Location
- 3101 N. Closner Blvd Edinburg, Texas 78541 United States
- Coordinates: 26°19′57″N 98°09′30″W﻿ / ﻿26.3325°N 98.1582°W

Information
- School type: Public high school
- Established: 1991
- School district: Edinburg Consolidated Independent School District
- Principal: Fernando Delgado
- Faculty: 189.33 (FTE)
- Grades: 09–12
- Enrollment: 2,635 (2023-2024)
- Student to teacher ratio: 13.92
- Campus type: Suburban
- Colors: Navy and gold
- Mascot: Cougar
- Website: edinburgnorth.ecisd.us

= Edinburg North High School =

Edinburg North High School (commonly ENHS, Edinburg North, or North) is a public secondary school in Edinburg, Texas, United States, serving students in grades 9-12. The school is part of the Edinburg Consolidated Independent School District, with admission based primarily on the locations of students' homes. ENHS' mascot is the common
Cougar, and their colors are navy and gold.
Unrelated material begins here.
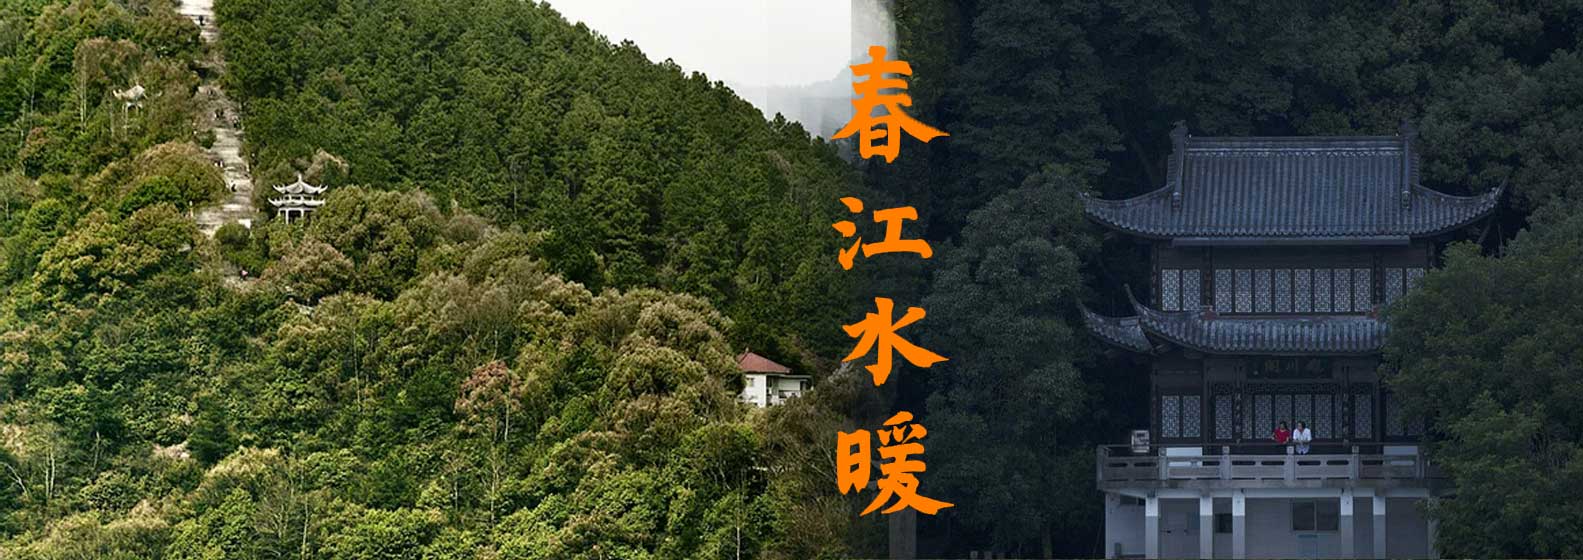 Séjours Dans Les Monts Fuchun - Header Image

The school serves, in addition to northern Edinburg, the census-designated places of Faysville, Hargill, and Linn, as well as the rural parts of far northern Hidalgo County. The University of Texas Rio Grande Valley (UTRGV)'s Edinburg campus is also zoned into ENHS.

District expansion circa 2010 has added a performing arts center to each of ECISD's high schools (all completed November 2010), including at Edinburg North.